There’s a strange irony in enterprise security. Organizations have never spent more to defend themselves. Firewalls, endpoint detection, identity platforms, SIEMs. The modern security stack has never been more sophisticated, and the external perimeter has never been better protected.

Yet some of the most damaging breaches don’t come from outside at all.

Roughly 60% of enterprise breaches now involve the human element, whether employees, contractors, or other authorized users operating within legitimate access. Often, these incidents aren’t malicious. They’re negligent.

These are not edge cases. They are the dominant failure mode.

The average incident costs $17.4M to remediate.

In nearly every conversation we had with CISOs over the past year, insider risk ranked as a top-two concern. Almost no one felt their current tools were doing the job.

The problem is about to get orders of magnitude harder.

A Patchwork That Was Never Designed to Work

The tools exist. They just weren’t built for this.

Today’s insider risk programs are assembled from UEBA platforms, IAM tools, DLP, session recording tools, and SIEM stacks. Each covers a slice of the problem; none owns the whole.

These tools were designed around discrete events and static policies. They see what happened. They don’t understand why. The result is programs that are reactive, investigation-heavy, and buried in noise. They explain breaches after the fact rather than preventing them. Significant budget sits trapped in tools that haven’t delivered, and buyers are actively looking for something better.

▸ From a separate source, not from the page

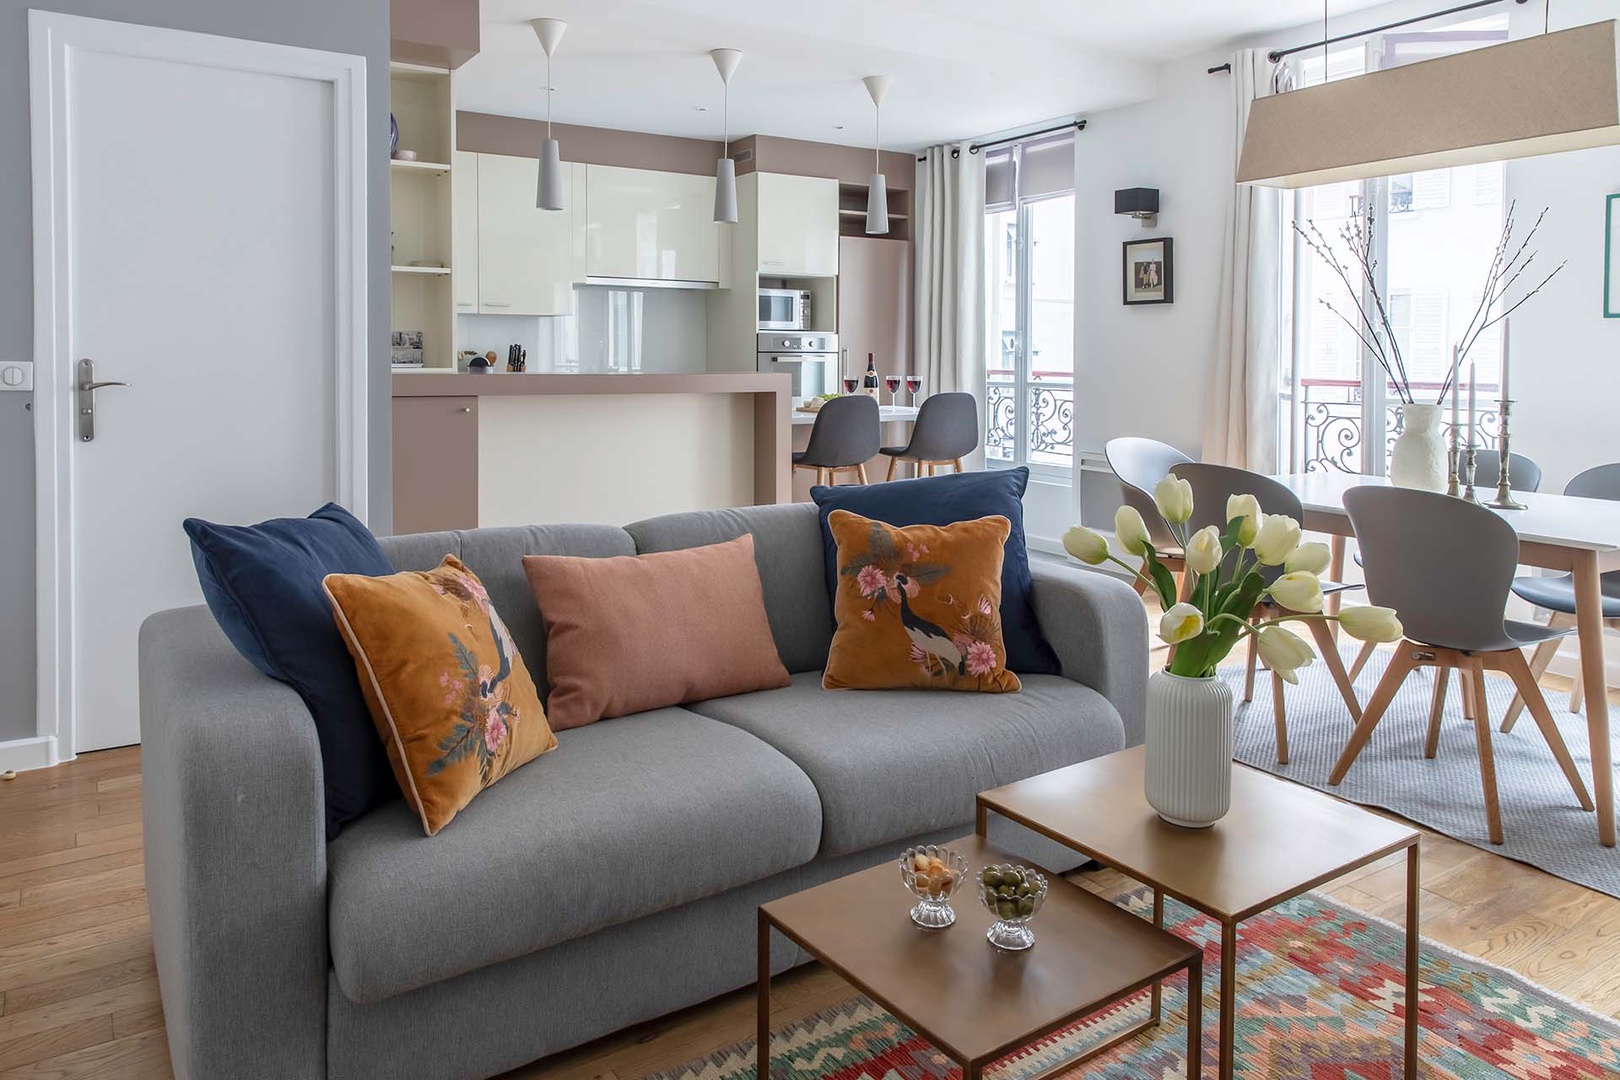 Elegant contemporary furniture decorates the living space.

This isn’t just a tooling gap but an architectural one: a mismatch between how insider risk actually manifests and how security systems were designed to detect it.

Insider risk rarely announces itself in a single moment. It lives in sequences, in the full arc of someone’s behavior that only becomes legible when you connect it across time.

An employee who has been quietly researching competitors, accessing sensitive files they’re authorized to use, and uploading to a personal account hasn’t done anything obviously wrong at any individual step. A risk like this only becomes visible in the arc, and legacy tools were never designed to see it.

Now layer in what’s happening with AI. Employees are routing sensitive data through personal AI tools and delegating tasks to agents operating inside corporate systems. These agents have real access, take real actions, and operate at machine speed but are largely invisible to existing insider risk programs.

As Aviv Nahum, Above’s CEO, puts it, “AI agents are becoming insiders in everything but name.” The perimeter of who, or what, counts as an insider is expanding faster than any existing tool was built to handle.

A New Model for Insider Risk

Above Security is building what this category has needed from the start: a platform that models intent, not just activity, across all actors, machine and human alike.

It connects to the systems where work actually happens: the browser, SaaS applications, collaboration tools, and AI workflows, and continuously builds a behavioral model for each individual identity in the organization. Above’s platform identifies what’s normal for this person (or agent) in this role at this company.

When that context shifts, when sequences of behavior start pointing somewhere concerning, Above surfaces it, not because a rule was tripped, but because the underlying intelligence detects a change.

This produces a quality of signal the market hasn’t experienced before.

Above models behavior longitudinally, anchored in individual context, to eliminate the noise inherent in event-based systems. Without relying on rules, policies, or manual configuration, it surfaces high-fidelity signals so security teams can prioritize and act with confidence.

When risk emerges, Above intervenes in the moment, guiding users in real time before an action is completed rather than alerting after the fact. When investigation is required, it generates a complete, cross-functional evidence trail that is immediately usable by security, HR, legal, and compliance, eliminating workflows that typically take weeks or months.

The foundation they’re building is designed to compound. A deep, longitudinal model of how every identity behaves, human or machine, becomes infrastructure that naturally expands to new threat vectors as the way work evolves.

This is not something incumbents can easily replicate. It requires a fundamentally different data and modeling architecture than event-driven systems were built on.

Clarity in a Confused Category

Aviv Nahum comes from Israeli intelligence, where behavioral modeling is core to the mission, and has spent his career at the frontier of AI and agentic systems.

What sets him apart, beyond technical depth, is his clarity of thought. Insider risk is a category defined by confusion, often conflated with DLP, folded into UEBA, and fragmented across legacy silos. Aviv sees the problem with unusual precision: why prior approaches have failed, and exactly where Above fits. We saw this clearly from our first conversation.

Why We Invested

The insider risk category is at an inflection point. Budgets are moving, urgency is high, and the last generation of tools has largely failed.

What the market needs now isn’t another point solution. It’s a platform that owns the behavioral layer, improves over time, and compounds in value the longer it runs.

Above is building that future. We’re proud to partner with Aviv, Amir, and their team.

This article is for informational purposes only and does not constitute investment advice. Jump Capital is an investor in Above Security. Views expressed represent the opinions of the authors and Jump Capital. Forward-looking statements involve risks and uncertainties, and references to specific companies and their capabilities do not constitute investment recommendations or guarantee future performance.